Ahora bien: nuestro Platón, que ha sido fiel o se ha desviado muy poco de las leyes de esta secta, pitagoriza casi siempre; y yo, que he sido adoptado en su nombre por mis maestros, debo a mis meditaciones académicas la doble ventaja de saber hablar animosamente cuando es preciso, y callarme sin esfuerzo cuando la ocasión lo exige.

Gracias a esta moderación, he obtenido con tus predecesores la honrosa reputación de hombre que sabe guardar silencio a propósito y hablar cuando es preciso.

XVI.

Quiero, nobles jefes de África, antes de daros gracias por esta estatua que me habéis hecho el honor de pedir para mí cuando estaba entre vosotros y de conceder en mi ausencia, quiero explicaros por qué he faltado muchos días a mi auditorio y he ido a las aguas Persianas[9], sitio de delicioso solaz para los sanos y de salud para los enfermos; porque he resuelto daros cuenta de todos los instantes de esta vida mía que os está consagrada para siempre, y cuanto haga, importante o frívolo, someterlo a vuestro conocimiento y a vuestro juicio.

El motivo que repentinamente me privó de vuestra ilustre presencia, tiene alguna relación con el hecho que voy a referir: se trata de Filemón el cómico[10]. Probablemente conoceréis su genio: escuchad algunos detalles de su muerte. ¡Pero qué! ¿Dudáis de su talento?
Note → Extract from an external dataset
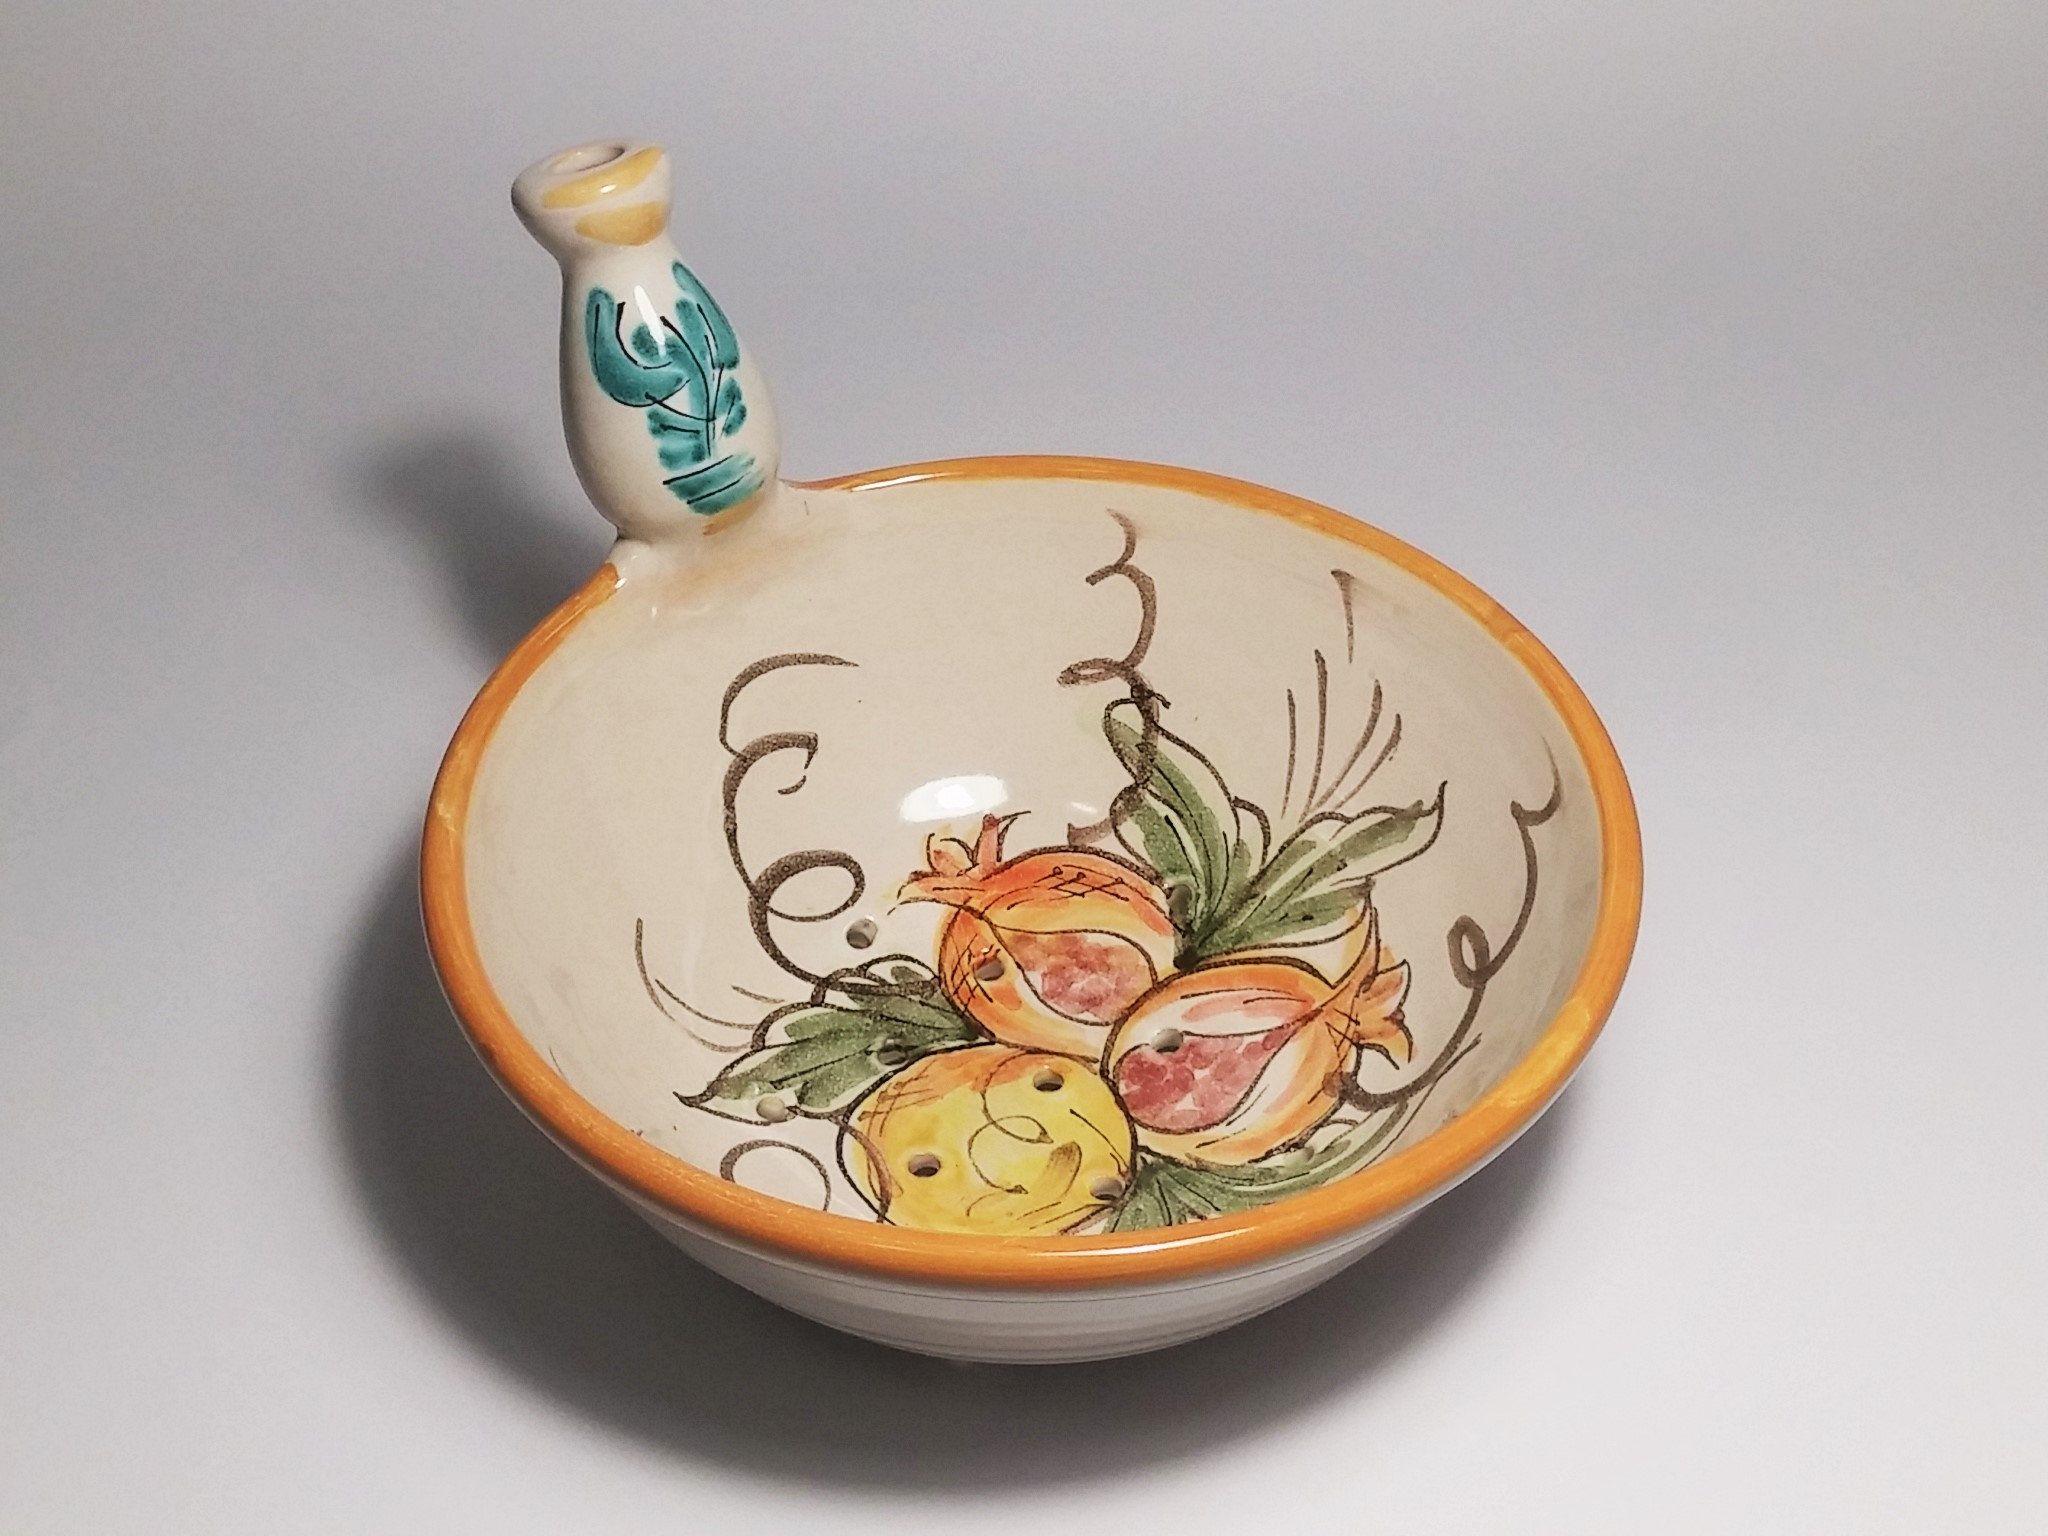 ceramica artistica caltagirone 8,00 €. Pin On Ceramica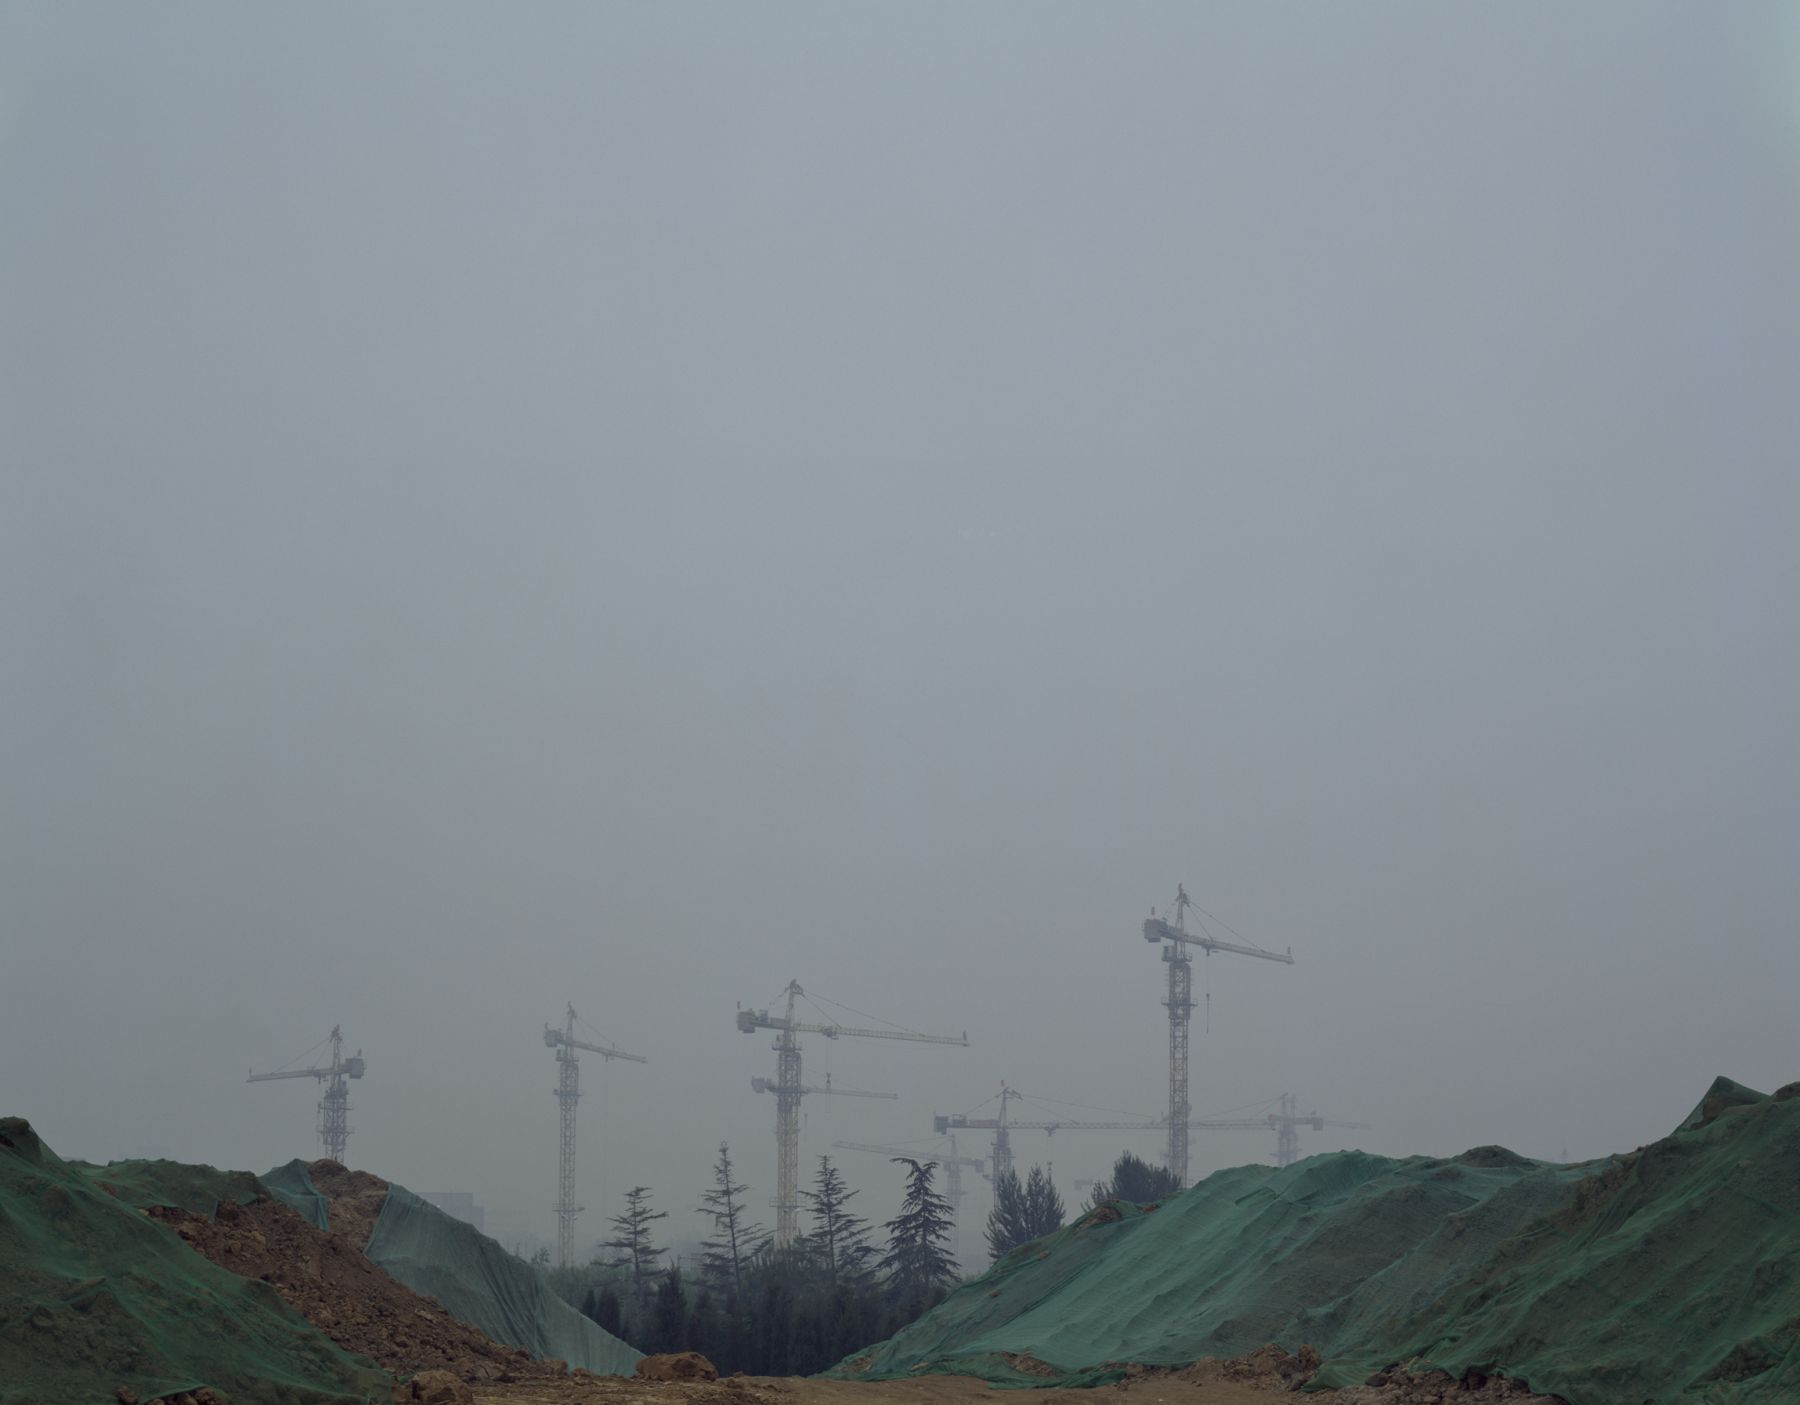 Zhao Liangèµµäº®, Beijing Green No.5åŒ—京绿地之五

Pues sabed que Filemón era un poeta de la media comedia, contemporáneo de Menandro, con quien luchó, y si no le iguala, fue al menos su rival, y aun con frecuencia, vergüenza me da decirlo, su vencedor.

Encuéntrase en sus obras fina sátira, intrigas ingeniosas, reconocimientos de hijos clarísimamente explicados: los actos y el lenguaje de sus personajes están de acuerdo con las situaciones, sus chistes nunca son triviales, su gravedad nunca trágica. Rara vez son sus comedias licenciosas, y si habla del amor, es tratándolo como un extravío. Pero nunca deja de sacar a la escena el mercader de esclavos sin fe, el amante en desvarío, el criado astuto, la querida falaz, la esposa arrogante, la madre indulgente, el tío sermoneador, el amigo entremetido, el soldado fanfarrón y hasta los glotones parásitos, los padres testarudos y las procaces meretrices.

Gracias a estos méritos llegó a ser célebre Filemón en el arte cómico. Un día que recitaba en público una obra suya nueva, en el tercer acto de la comedia, en el momento en que todo el interés estaba más vivamente excitado, una lluvia repentina, como me sucedió hace poco, le obligó a interrumpir la lectura y a prometer, por petición de todo el auditorio, acabarla al día siguiente.

Acudió al otro día inmensa multitud; cada cual procura sentarse lo más cerca posible; los últimos en llegar hacían señas a sus amigos de que se estrecharan para dejarles puestos; los espectadores de las extremidades se quejaban de que les empujaban fuera de sus asientos; el auditorio estaba apiñado en el teatro, y empezaron las conversaciones. Los que no estuvieron la víspera preguntaban lo que se había leído; los que asistieron recordaban lo que habían oído, hasta que sabiéndolo todos, esperaban la continuación de la comedia.

El día avanza y Filemón no acude a la cita; algunos murmuran por su tardanza; los más defienden al poeta. Pero después de aguardar largo rato, y viendo que Filemón no llegaba, envían a los más impacientes para que salgan a su encuentro, y le hallan... muerto en su lecho. Acababa de exhalar el último suspiro, y tendido en la cama parecía estar meditando, con los dedos aún entre las hojas y la boca junto al libro abierto. Pero el alma había partido; el libro estaba cerrado y olvidado el auditorio.

Los primeros que entraron permanecieron un instante inmóviles, sorprendidos por un acontecimiento tan imprevisto como lo era una muerte tan maravillosa y bella. Seguidamente fueron a anunciar al pueblo que el poeta Filemón, a quien esperaba para terminar en el teatro la lectura de una comedia escrita sobre asunto imaginario, acababa de terminar en su casa el verdadero drama, diciendo por última vez a las cosas humanas valere et plaudere, y a sus amigos dolere et plangere; que la lluvia de la víspera era presagio de lágrimas; que su comedia había llegado a la antorcha fúnebre antes de llegar a la antorcha nupcial, y que al abandonar este ilustre poeta el teatro de la vida, su auditorio debía asistir a sus exequias, recogiendo primero sus huesos y después sus versos.